Wäre das EU-Parlament kein bürokratisch-politischer Haufen, sondern beispielsweise ein Mitschüler, wir hätten ihn uns nach dem Unterricht geschnappt und im WC eine „Spülung“ verpasst. Wären wir Gott, hätten wir es längst geflutet und ins Mittelmeer gespült.

Und nun das: Ursula von der Leyen, die derzeit auf dem vorletzten Platz der beliebtesten PolitikerInnen Deutschlands rangiert, beim Prinzip „Verhütung“ gleich sechs Mal scheiterte und die Bundeswehr zu einer weltweiten Lachnummer verunstaltete, soll Kommissionspräsidentin der EU werden. Da kann man Freiwild auch den Integrationsbambi verleihen oder nach Lena Meyer-Landrut einen Hochschul-Hörsaal benennen. Letzteres hat man sogar getan (nordbayern.de) und damit bewiesen, dass jeder alles sein kann, wenn es nur pressewirksam in Szene gesetzt wird. Lena Bildungspreisträgerin, Nestlé nachhaltig und von der Leyen Kommissionspräsidentin. Hoffen wir mal, dass der Pilot beim Flug in den nächsten Urlaub auch wirklich eine entsprechende Ausbildung genossen hat und nicht unterm Jahr der Schulbusfahrer ist.

HuiBuhrsula geht um

Jetzt wird der „Flintenuschi“ (heute show) – anstelle Brüssels Unfähigkeit – in den Medien der Marsch geblasen, was ihr als Verteidigungsministerin natürlich nicht unbekannt ist.

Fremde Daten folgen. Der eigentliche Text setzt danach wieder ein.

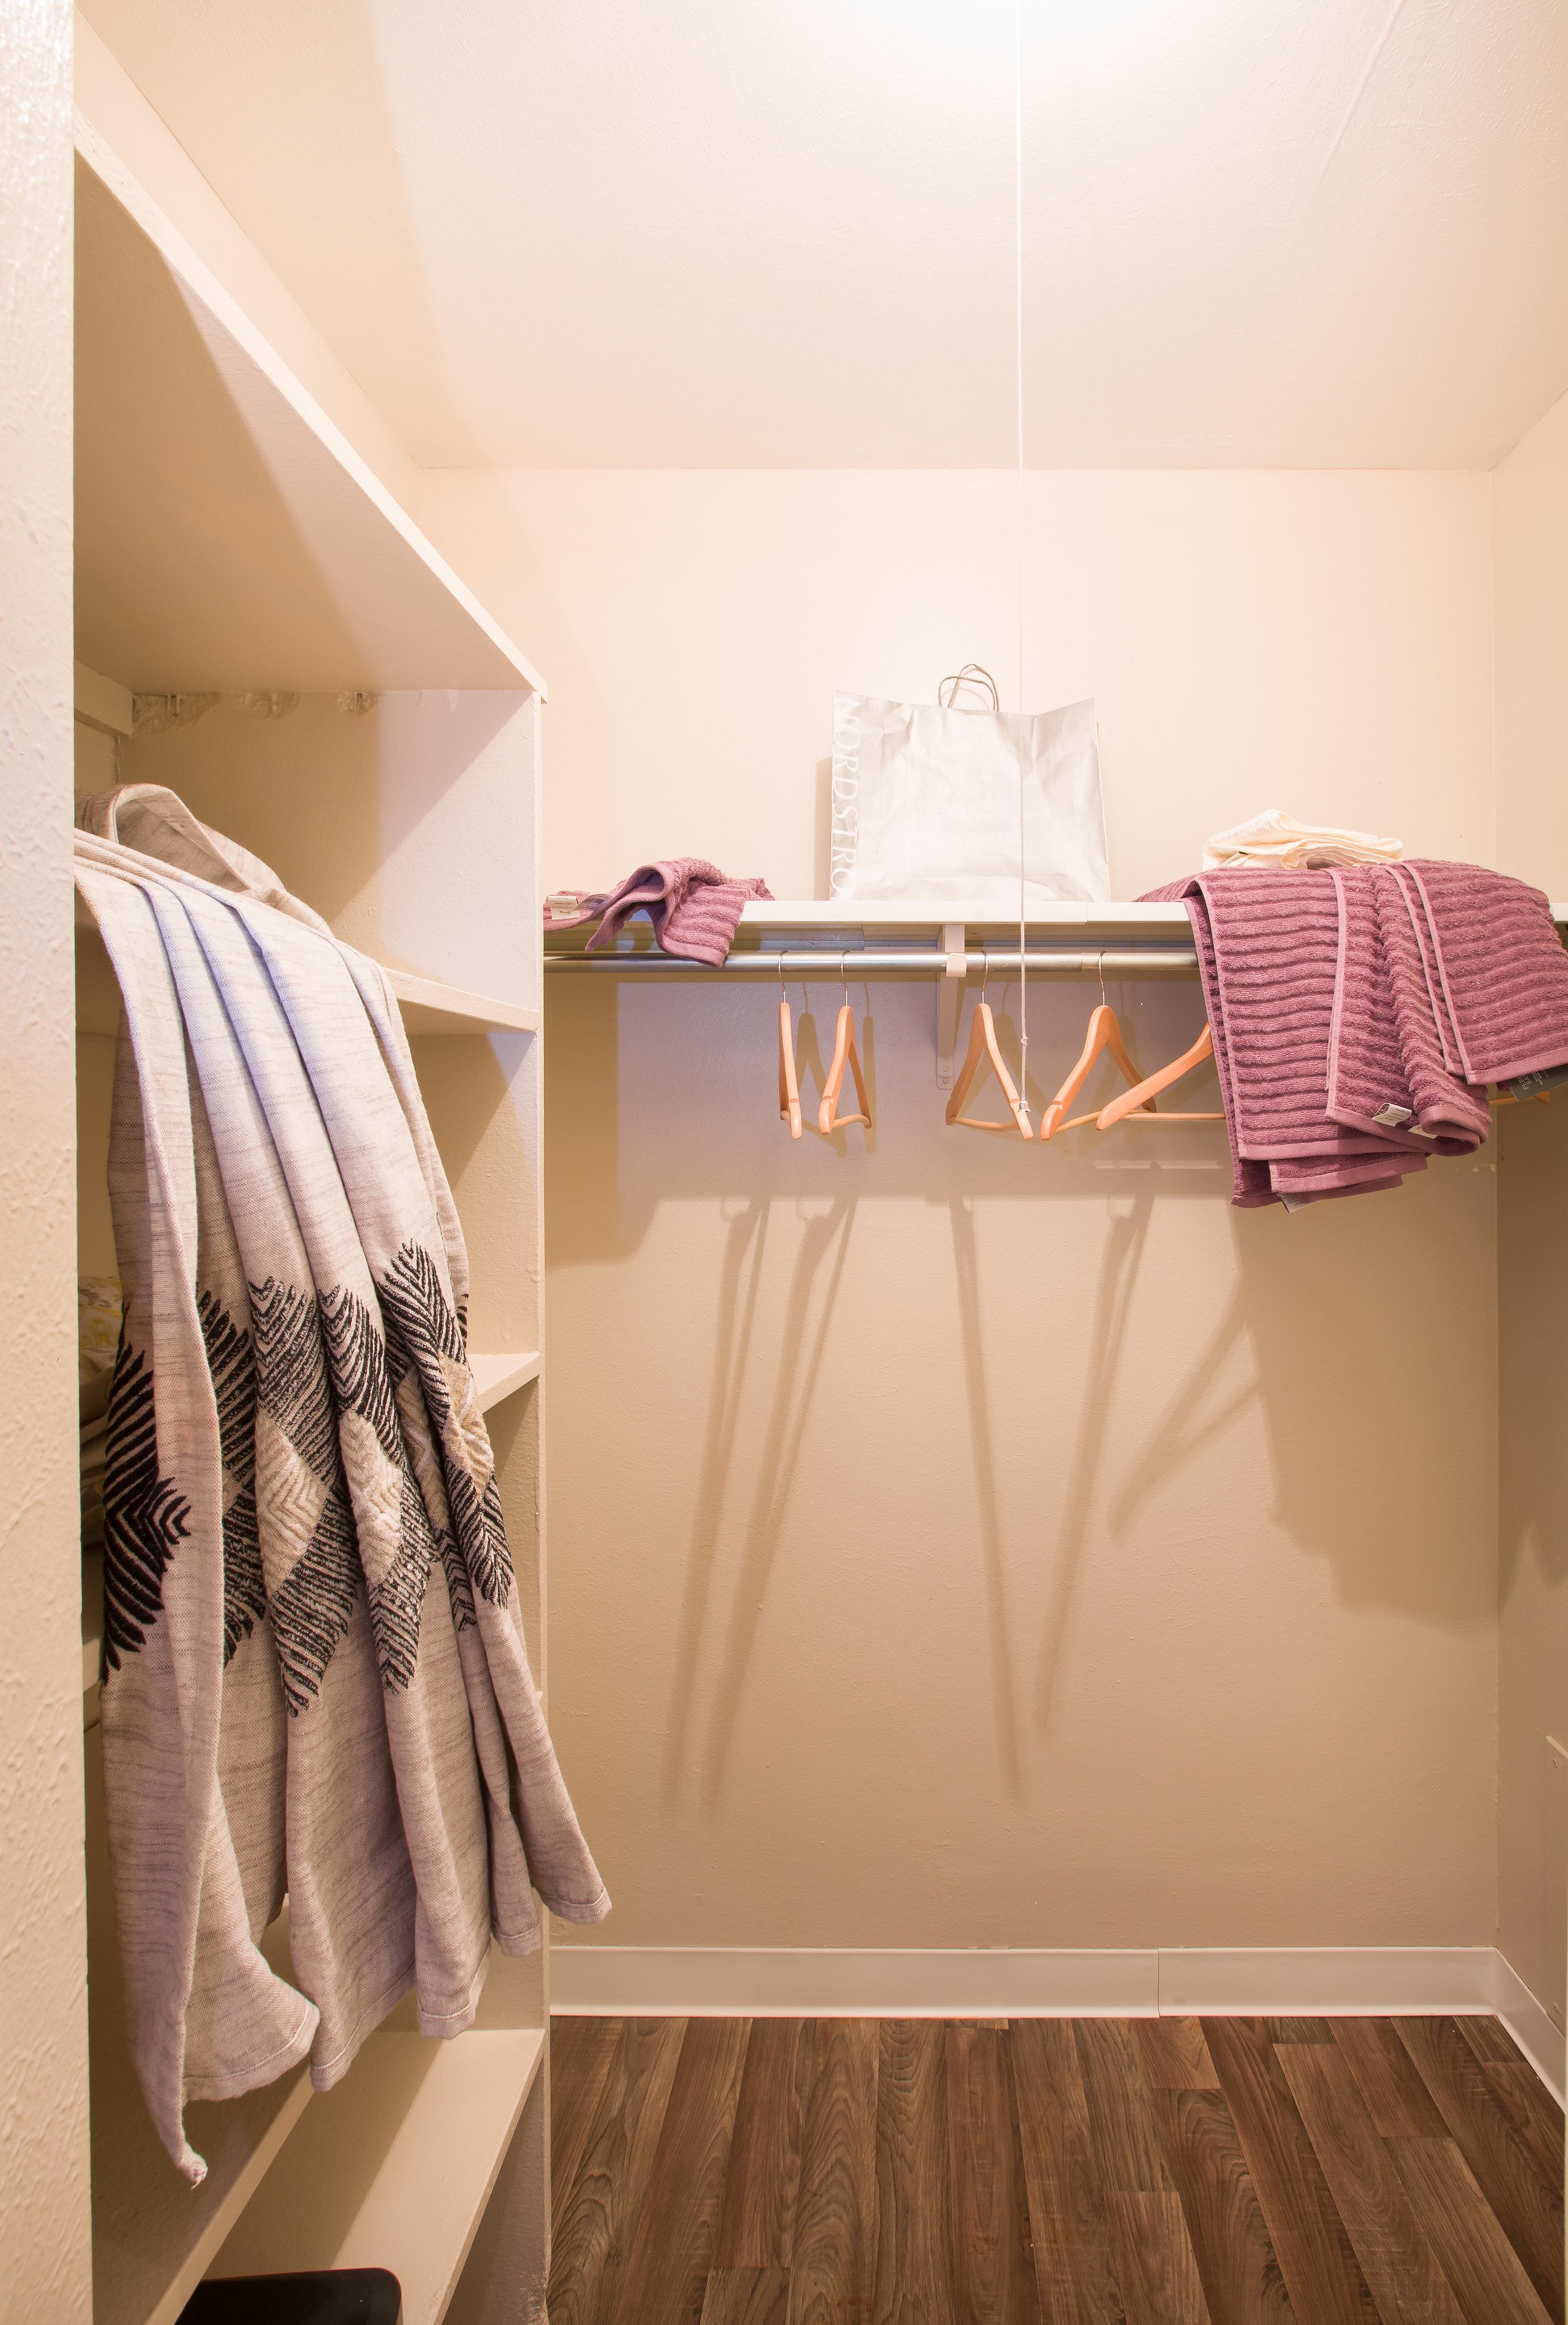 Image of Walk-In Closets for Vista Park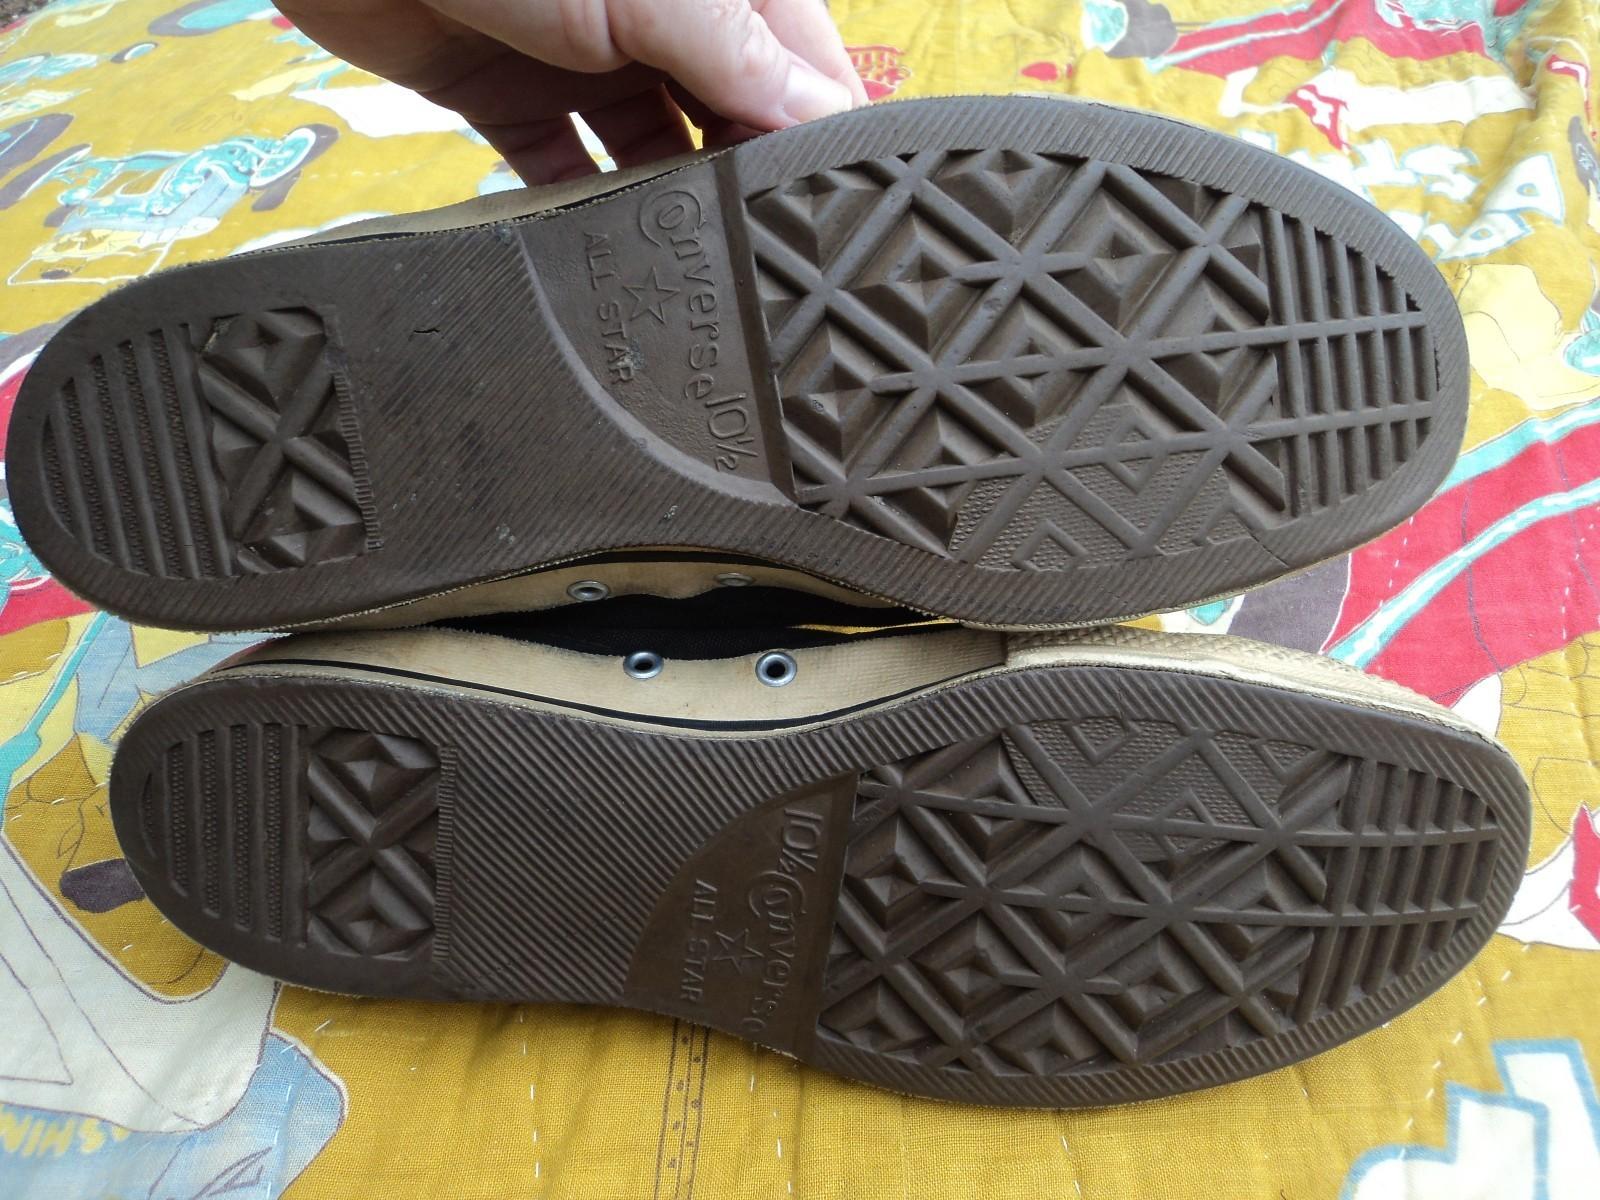 Converse clipart sole shoe Blakplague rubber into soles are

Konnte ihr die Berater-Affäre nichts anhaben, das interne Nazi-Devotionalien-Desaster kein Bein stellen, so soll die bloße Nominierung jetzt das Schreckgespenst HuiBuhrsula umhergeistern lassen.

In Niedersachsen tauschte sie den Arztkittel und das Mitgefühl gegen Karriere und Politinszenierung. Das Landesblindengeld musste als erstes dran glauben, denn die bibelfeste Christin weiß, dass Blindheit eine Strafe Gottes ist. Und auch der Volksmund weiß, ein blindes Huhn gönnt dem anderen kein Korn.

Der Zufall oder der Teufel haben sie 2005 ins CDU-Präsidium gewählt und von da ging es direkt als Familienministerin ins Kabinett Merkel I. Dann weiter ins Arbeitsministerium und anschließend bis heute als Verteidigungsministerin in den schicksalsträchtigen Vorsitz der Bundeswehr. Alle Ämter füllte sie komplett aus, eine Volluschi, tauglich und in voller Montur ein Hingucker, der jeden Widerstand fahren lässt und sofort zum IS übertritt.

Mutter allein kann Karriere nicht sein

Promovierte Politikerin, Rollenvorbild und Mutter, die gerne ihr eigenes Süppchen kocht.
Das verpönte Heimchen am Herd hat sie abgelöst durch die unbedingte Pflicht zu Beruf und Karriere mit inkludierter Familienplanung. Unter dem Schlagwort „Elterngeld“ hat sie erstmals die Unterstützung der Eltern an deren Gehalt gekoppelt. Nur Doppelverdiener können davon profitieren und die Hauswirtschaft war zum Wohle der BWLer abgelöst.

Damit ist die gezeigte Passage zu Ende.